The study also found that there is a lack of access to formal education for Rohingya children, although non-governmental organisations have attempted to fill that gap by setting up refugee schools.

Remedying the crisis

In order to address the Rohingya refugees crisis and alleviate their suffering in Malaysia, the study has suggested a few steps to be considered by respective stakeholders.

Among the suggestions is to establish a national policy on refugees to ensure their rights are upheld, the think tank said.

“Due to the absence of legal measures to protect the rights of refugees in Malaysia, they are vulnerable to exploitation, especially when it comes to wages.
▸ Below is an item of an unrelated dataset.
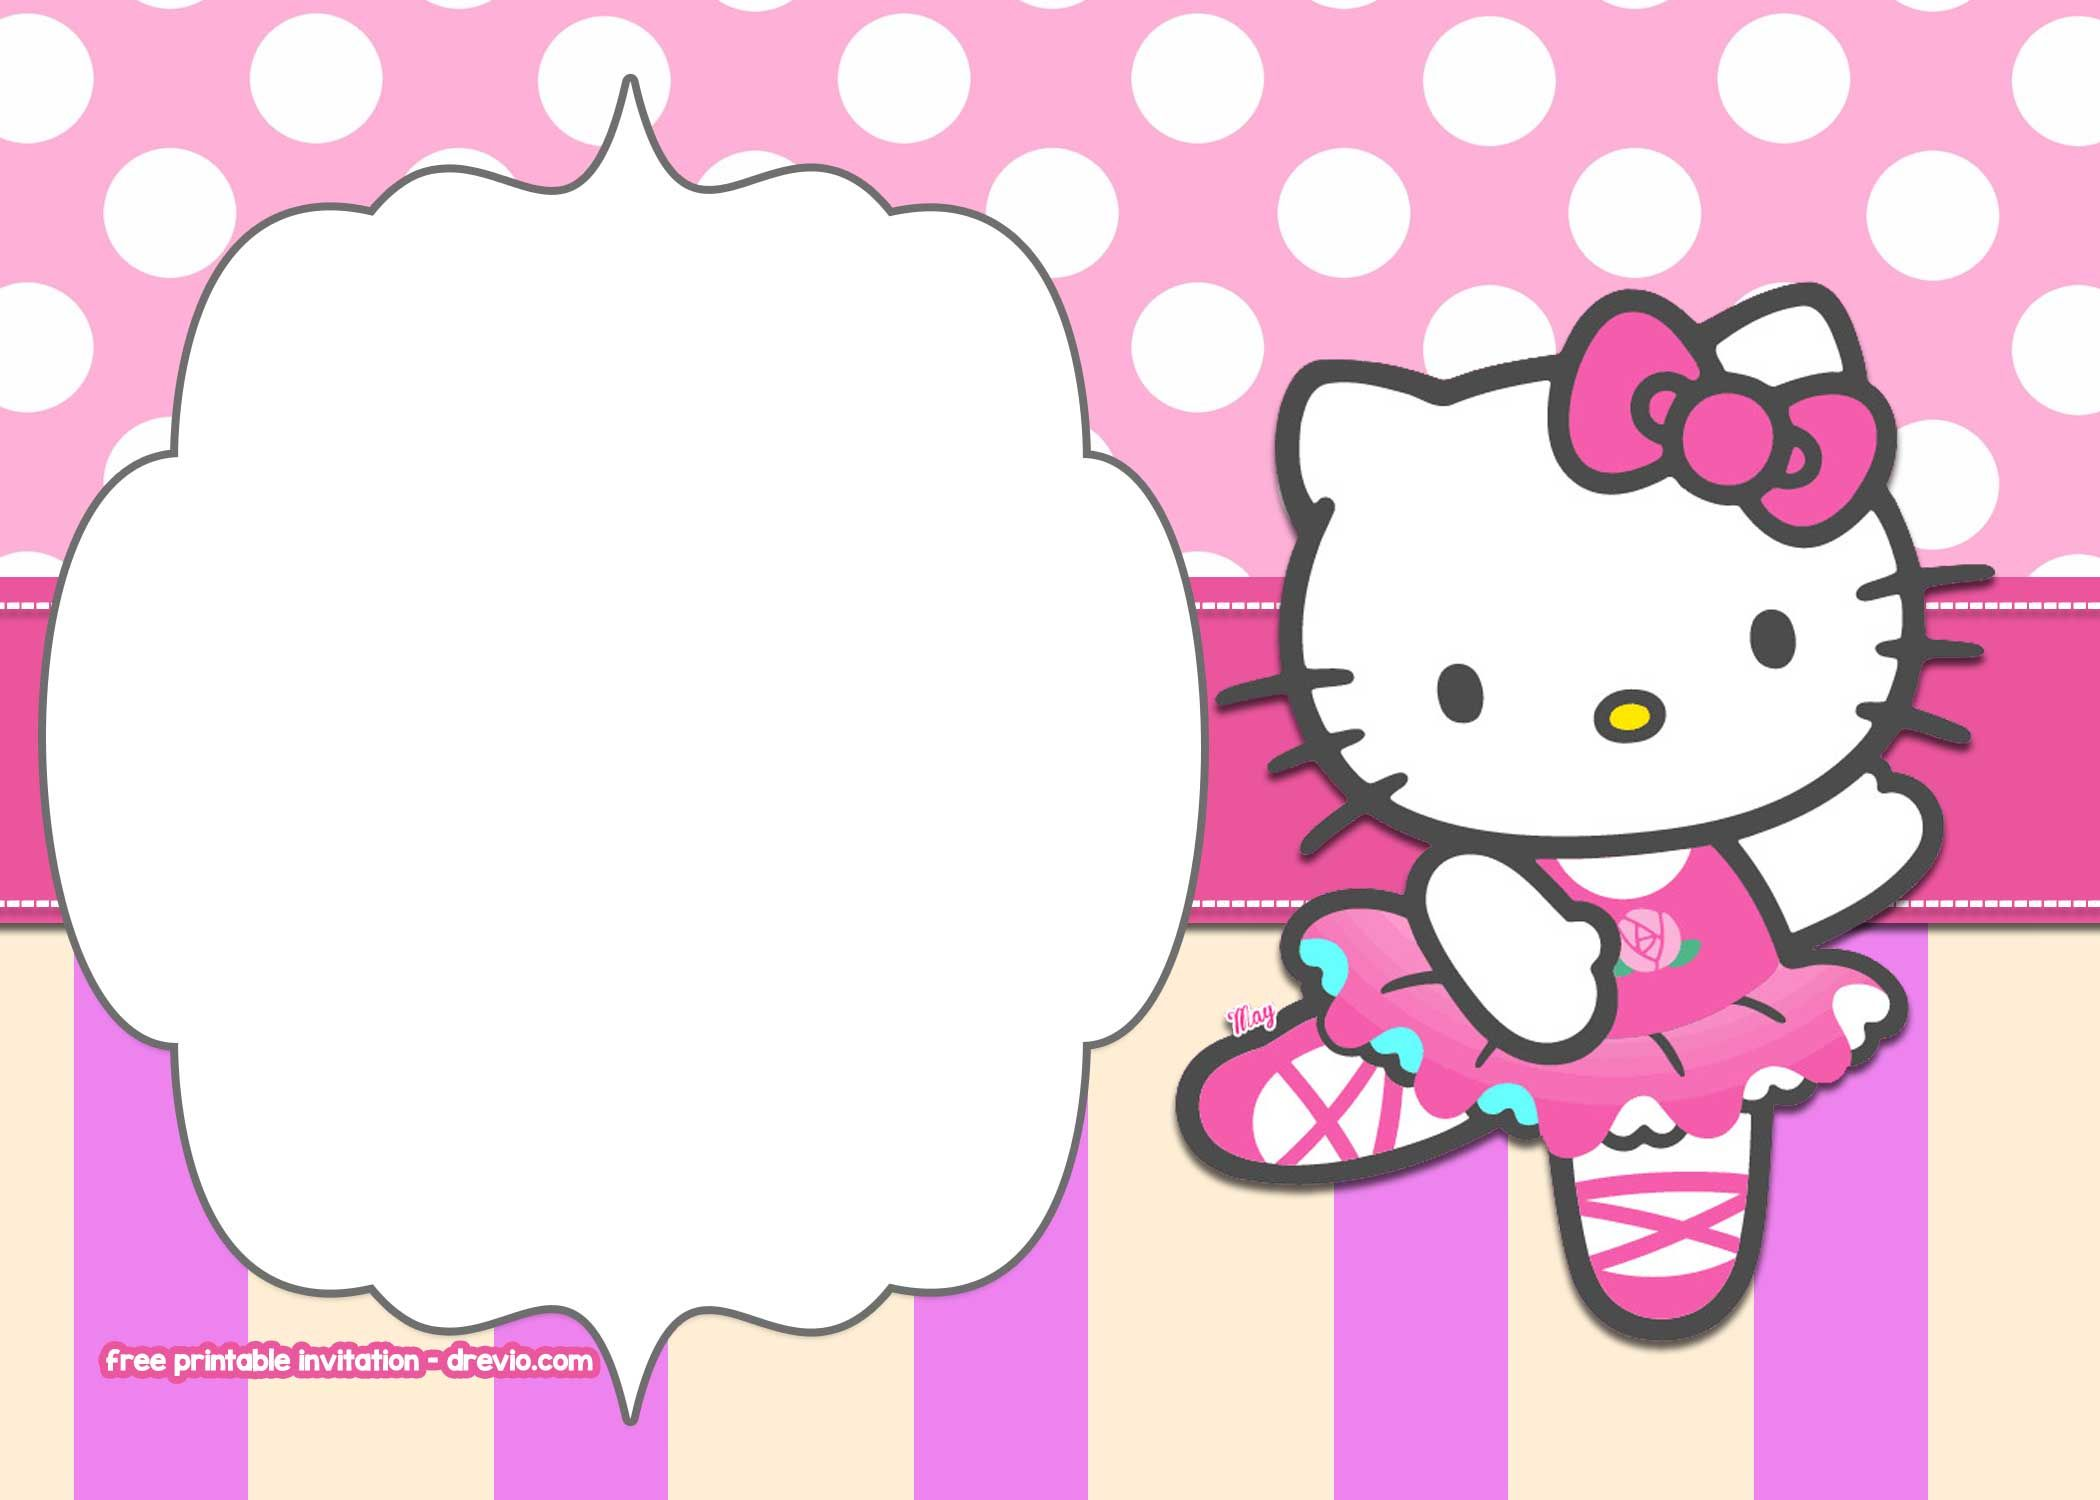 polka dot invitation templates

“As such, the national policy should include personal data collection to establish a refugee database by the Malaysian government, which encompasses healthcare services record, workplace, housing locations and financial information,” the think tank said. 

The think tank also said that access to quality education programmes is another important step that should be taken to counter and prevent violent extremism in the community.

Other areas that need attention include mental health support for Rohingya refugees who have experienced violence in their home country, support in healthcare services due to unaffordability, skills training to prevent refugees from falling into the same 3D (dirty, dangerous and difficult) jobs and peace building initiative.

According to Iman Research, as of March 2020, there are some 179,520 refugees and asylum-seekers registered with the United Nations High Commissioner of Refugees (UNHCR) in Malaysia, with Rohingyas comprising the largest group at more than 100,000 people.

The study was done in collaboration with the Canadian government, to investigate the push and pull factors influencing the Rohingya community in Malaysia towards violent extremist groups, such as the Islamic State (IS).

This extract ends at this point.